The problem runs deeper than just inconvenience. When every experiment requires provisioning infrastructure, you automatically become conservative. You iterate less because starting up takes too long. You postpone tests because setup costs are too high. The container paradigm—revolutionary for web services—becomes a ball and chain for AI development, where rapid experimentation is everything.

Modal took a different approach. Instead of optimizing containers, they deleted them entirely. "We've built custom infrastructure from scratch. Not containers. Our own runtime." This fundamental rethinking eliminated cold starts entirely. By snapshotting memory state and using content-addressed storage, Modal can restore a running Python environment in approximately 1.5 seconds—not minutes. This breakthrough transforms the developer experience from "plan carefully before executing" to "experiment freely and iterate fast."

Key Insights

8 major insights from the keynote

1. The Container Model Is Broken for AI Development

"We've built custom infrastructure from scratch. Not containers. Our own runtime."

Containers were designed for long-running web services, not bursty AI workloads. For AI development, where you need to run hundreds of short experiments, container overhead becomes crushing. Modal's decision to abandon containers entirely and build a custom runtime represents a fundamental architectural shift—treating infrastructure as a first-class citizen for AI workloads, not an afterthought inherited from web development.

2. Memory Snapshotting Changes Everything

"It's not like you just snapshot your code. You snapshot your entire state. All your memory state. All the pages in memory. The CPU state. The register state. The file descriptor table. Everything."

Traditional containers restart from scratch every time, pulling dependencies and initializing environments. Modal's snapshotting captures the entire running state—memory, CPU, file descriptors—and stores it as an immutable artifact. This means your Python environment with PyTorch, CUDA, and all dependencies loads in ~1.5 seconds, not the 30-90 seconds typical of container cold starts. For iterative AI development, this 20-60x speedup is transformative.

3. Content-Addressed Storage Enables Global Scale

"The cool thing about content-addressed storage is that it's inherently deduplicated."

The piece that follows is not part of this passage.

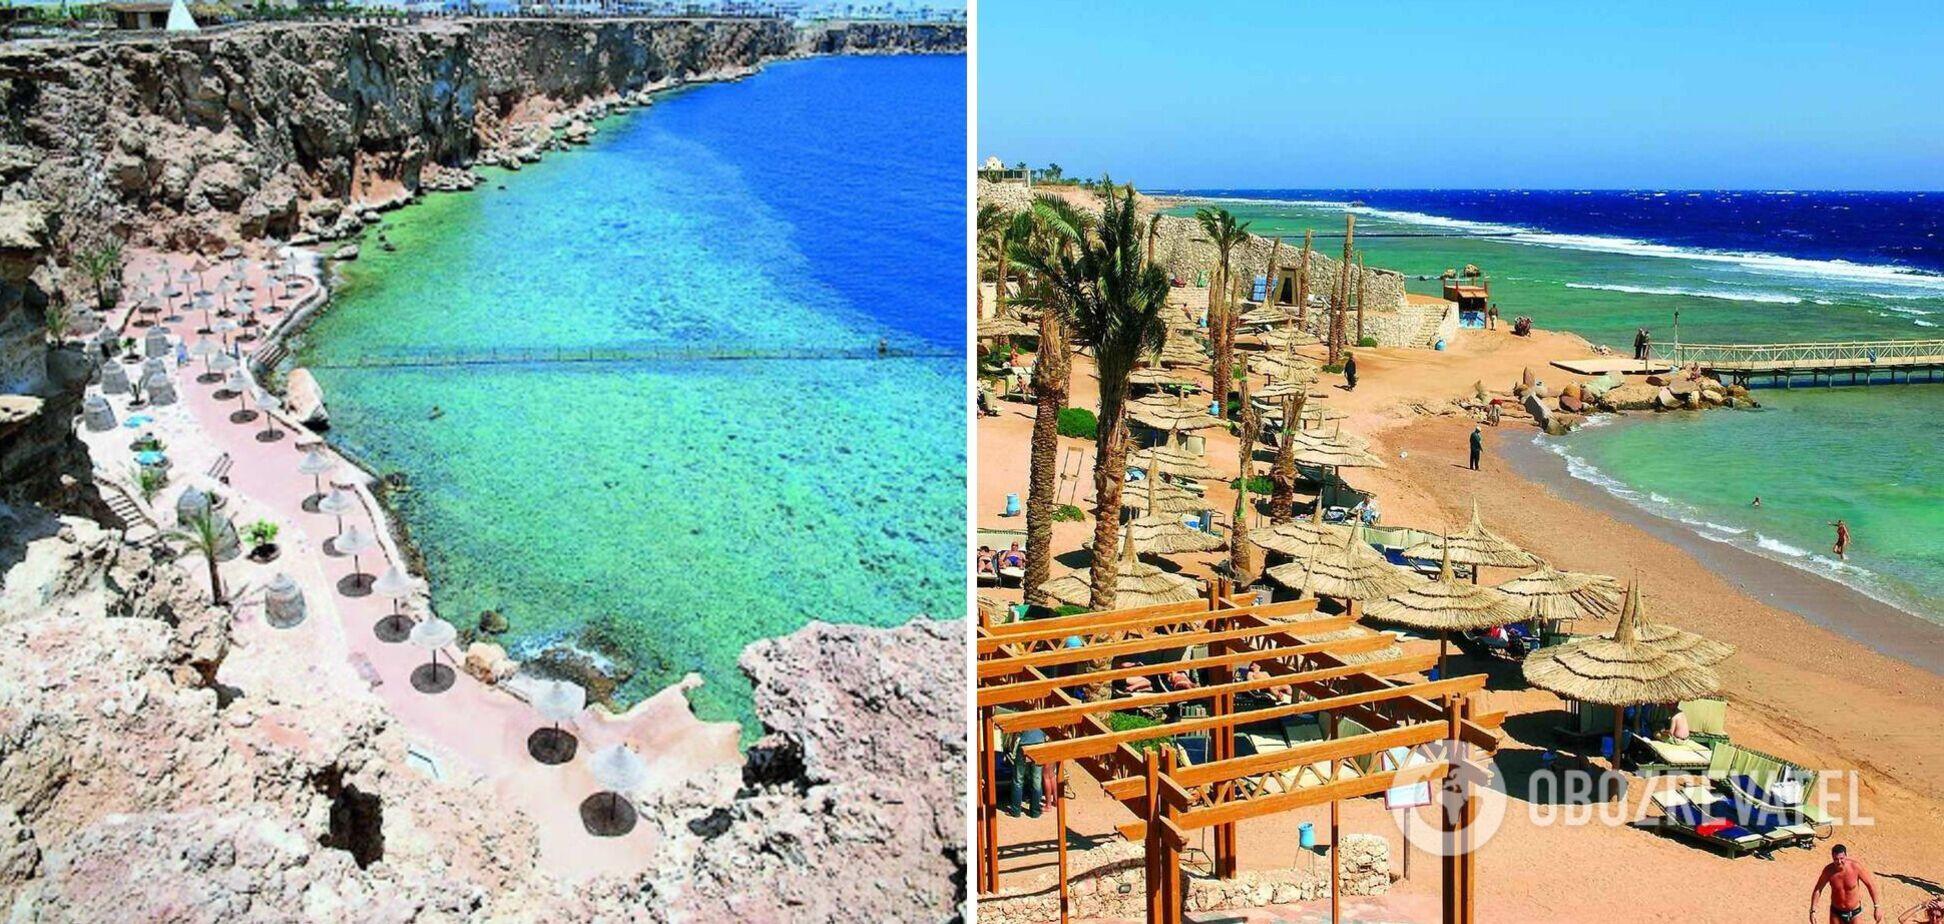 Шарм-эль-Шейх или Хургада: где лучше пляжи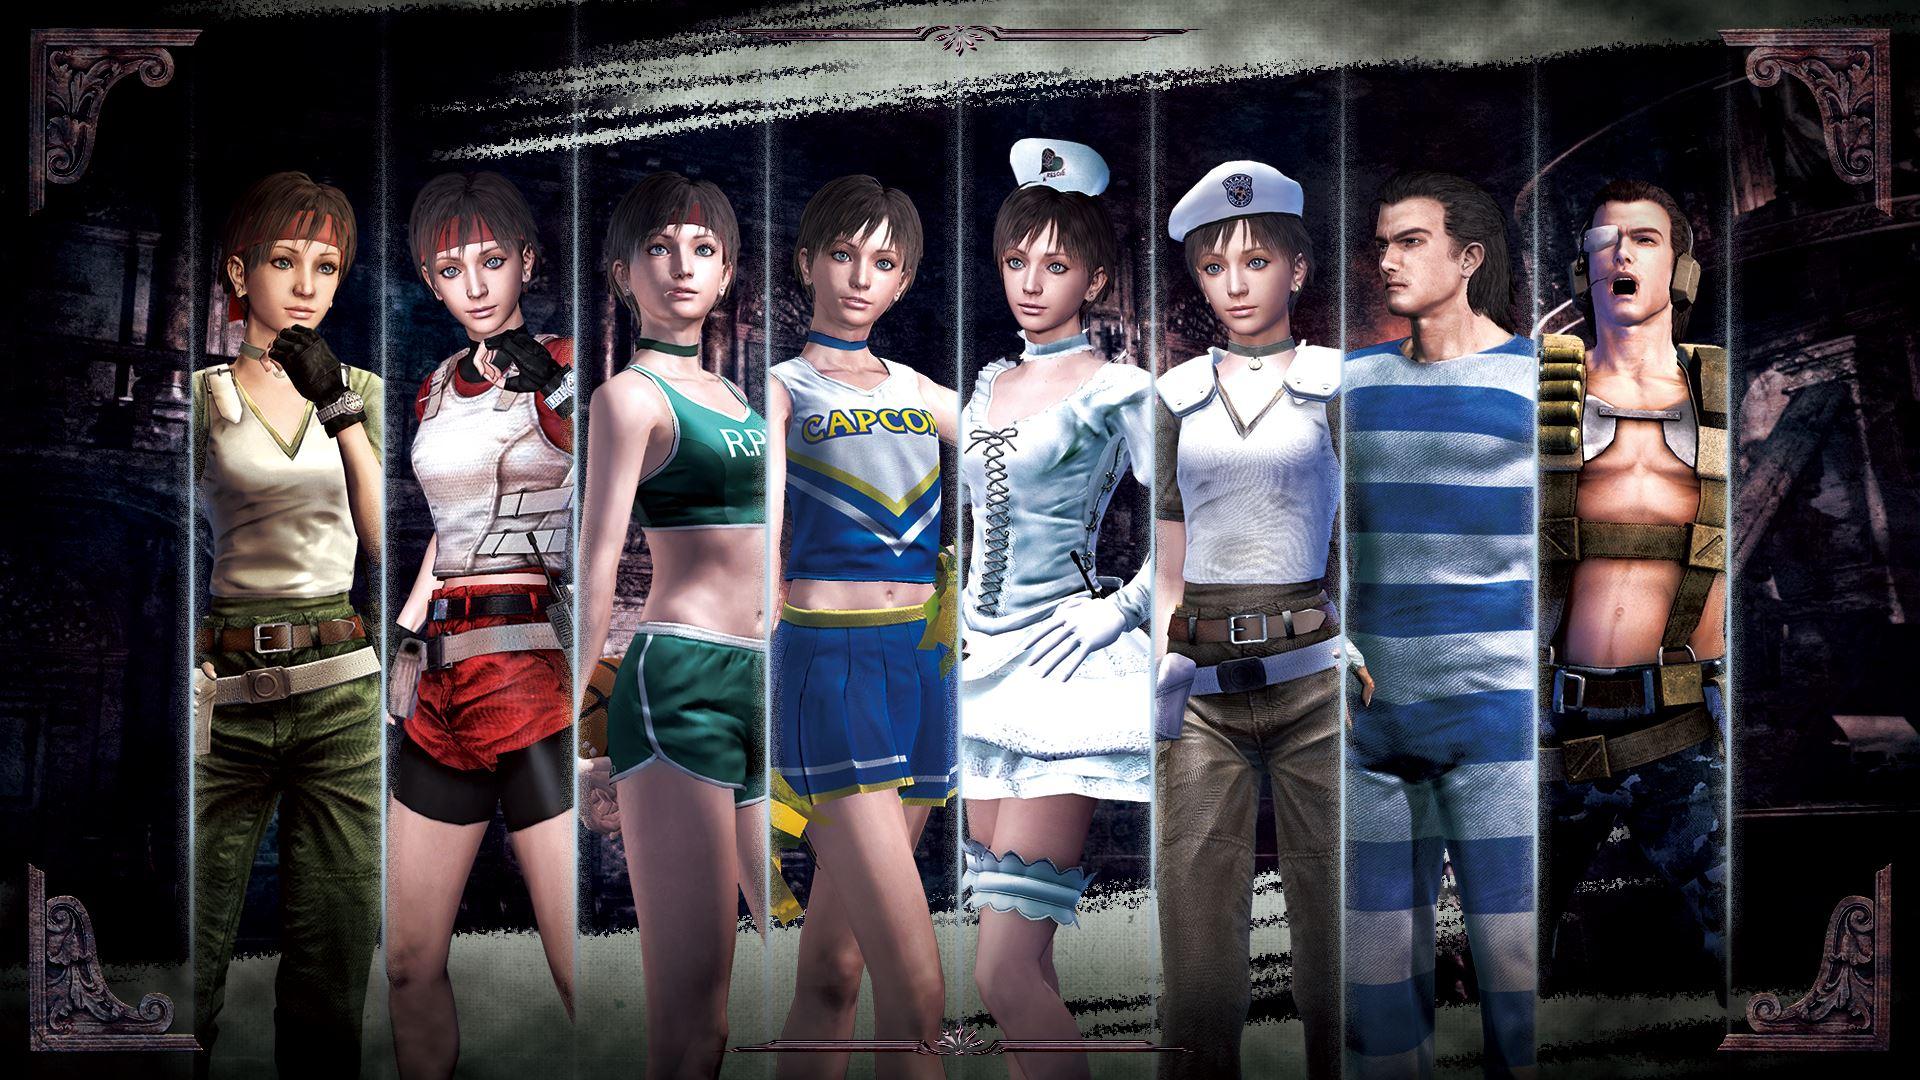 Прошёл слушок, что на E3 Capcom анонсируют новую номерную часть Resident Evil. Самое интересное - ожидается возвра .... - Изображение 1

Content-addressed storage means files are identified by their cryptographic hash, not their location. If two users need the same Python package, Modal stores it once globally. This creates massive efficiency gains: popular dependencies like PyTorch or CUDA libraries exist in a single global cache, accessible from any region. The system scales automatically because storage costs decrease as more users join—a rare example of a system that gets more efficient with scale.

4. GPU Pooling Through Statistical Multiplexing

"We don't need to reserve GPUs for you. We can take advantage of the fact that we know when your container is running, when it's idle. We can pack workloads together much more tightly."

Traditional cloud GPU allocation reserves entire GPUs for specific customers, leading to massive waste—estimated at 80-90% underutilization. Because Modal controls the entire runtime, it knows exactly when containers are active versus idle. This enables "statistical multiplexing"—running multiple workloads on the same GPU at different times, dramatically improving utilization and reducing costs by 3-5x compared to traditional cloud providers.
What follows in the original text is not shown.